Yorbik O.,Gulhane Military Medical Faculty | Kurt I.,Gulhane Military Medical Faculty | Hasimi A.,Gulhane Military Medical Faculty | Ozturk O.,Gulhane Military Medical Faculty
Biological Trace Element Research | Year: 2010

Although potentially harmful effects of heavy metals are well known, limited numbers of studies exist regarding their relationship with autism.

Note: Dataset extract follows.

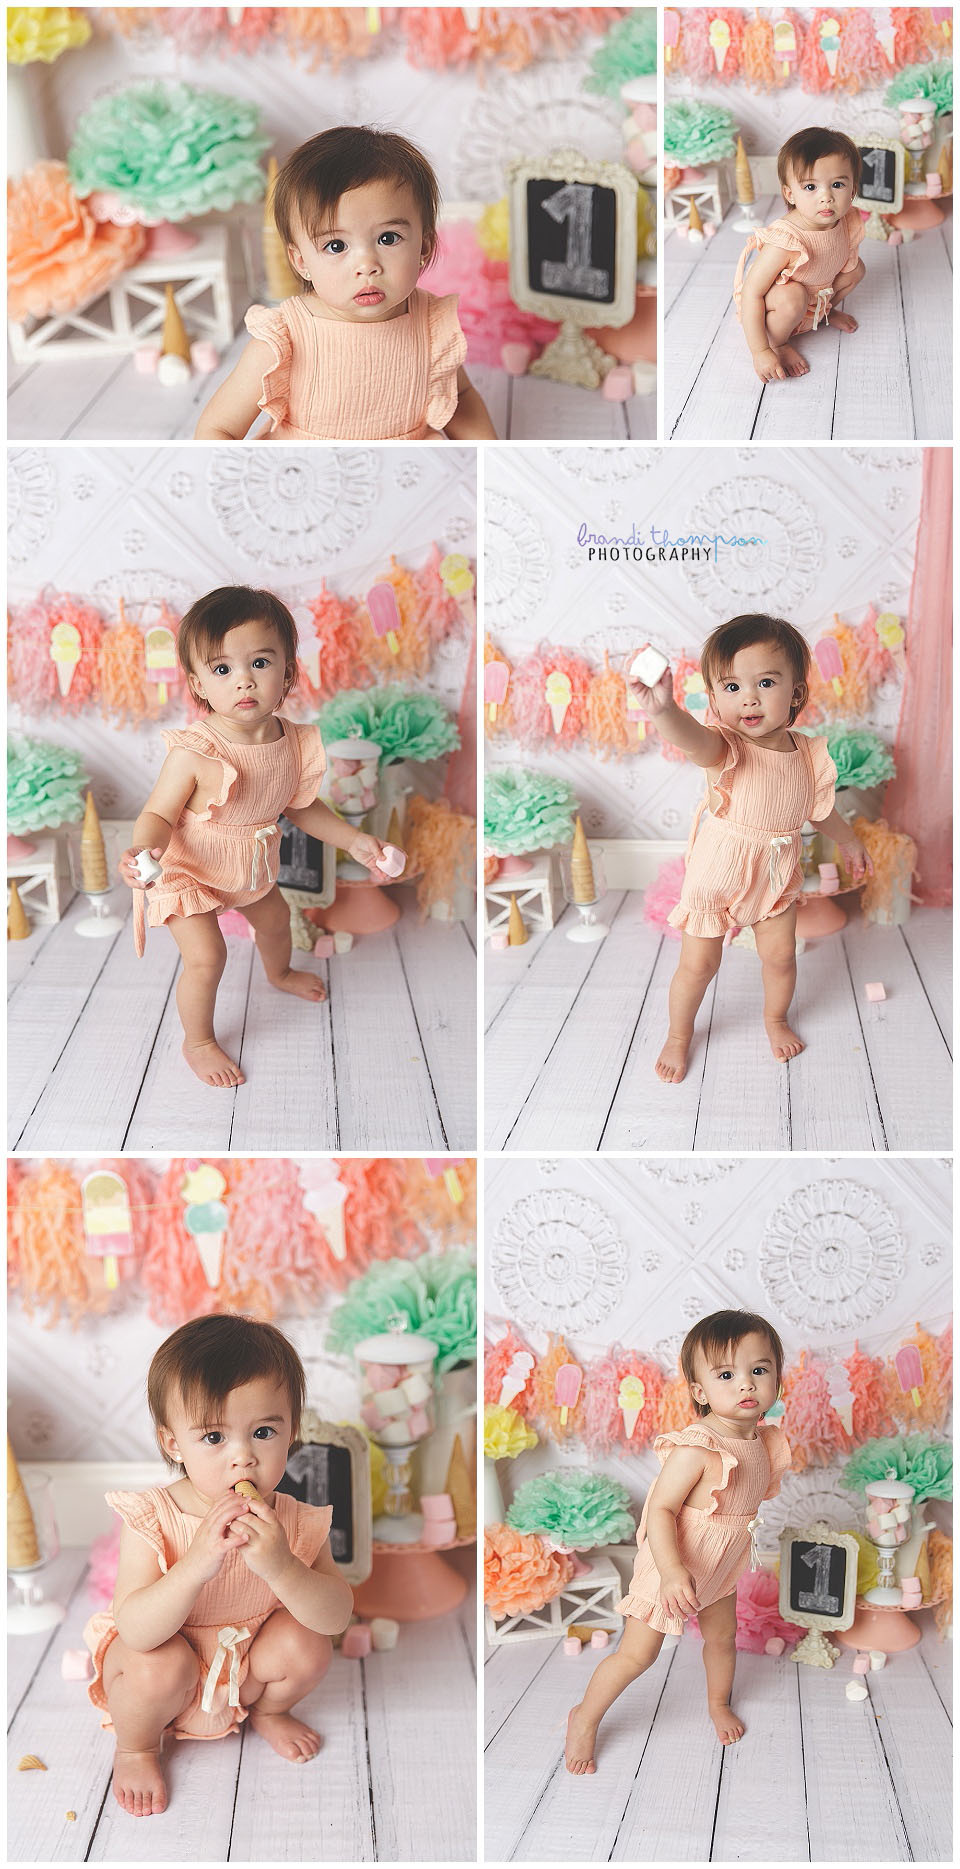 one year old baby girl with medium skin tone and dark hair, in studio with white and pastel decorations, cake smash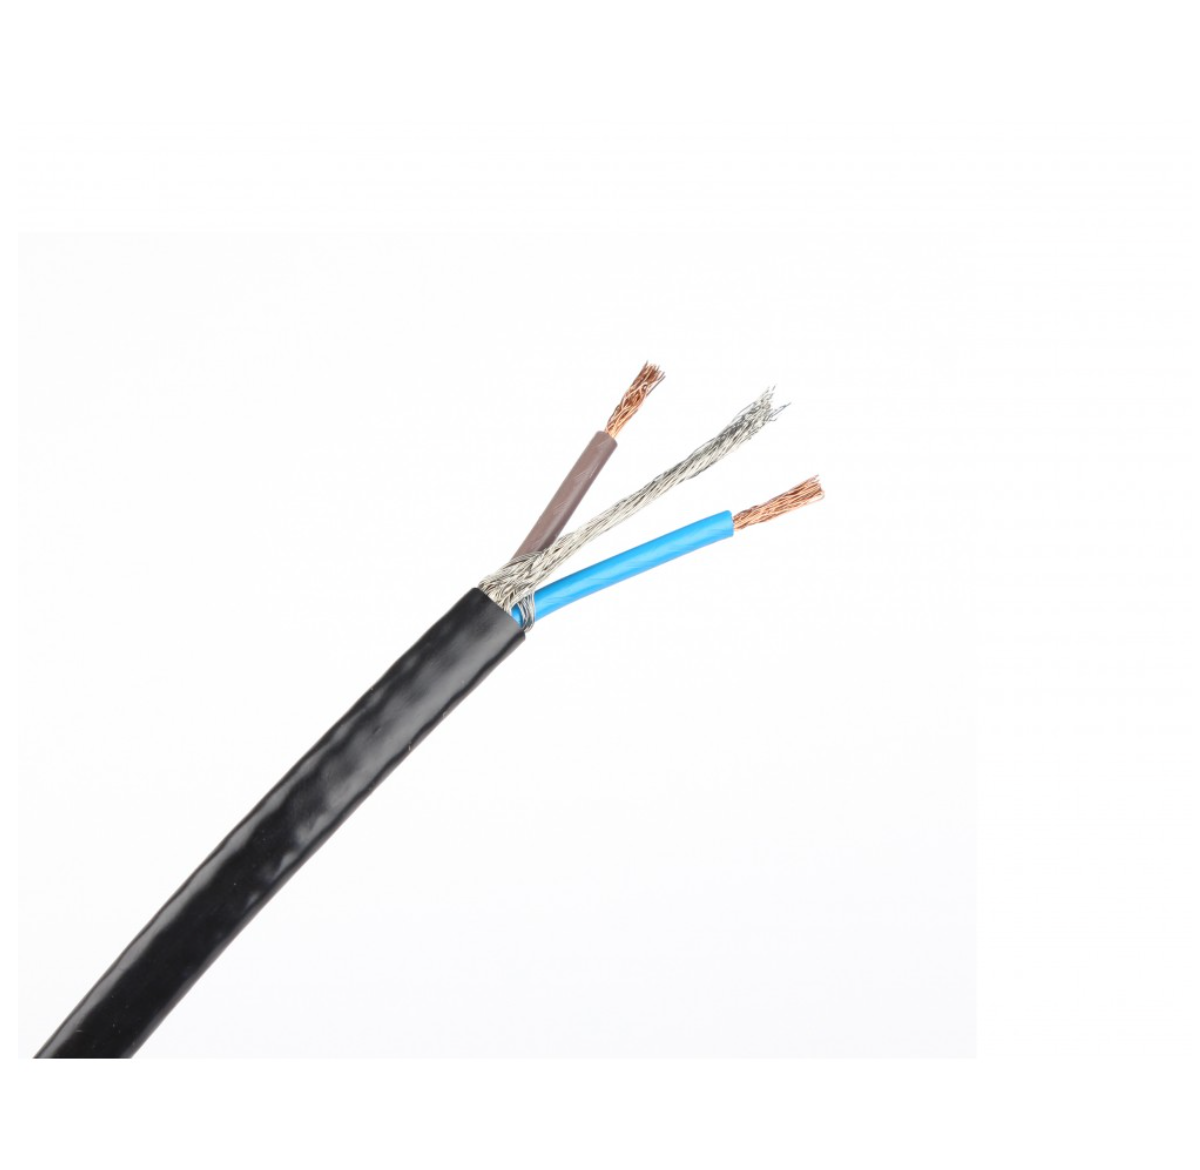 Heating cable - 140m

The aim of this study was to investigate urine levels of some heavy metals such as of chromium (Cr), cadmium (Cd), and lead (Pb) in children with autism and healthy subjects. Urine levels of Cr, Cd, and Pb were measured by atomic absorption spectrometry in 30 children with autism and compared with 20 healthy controls. Urine Cd and Pb levels were found as significantly decreased in children with autism compared to healthy subjects (p<0.05). On the other hand, urine Cr levels were significantly higher in children with autism than healthy subjects (p<0.05). This study suggested that autism may be associated with significant decrease in excretion rate of Cd and Pb and a significant increase excretion rate in the levels of Cr in the urine. These results have indicated that further studies are warranted for investigation of possible roles of heavy metals in autism. © 2009 Humana Press Inc.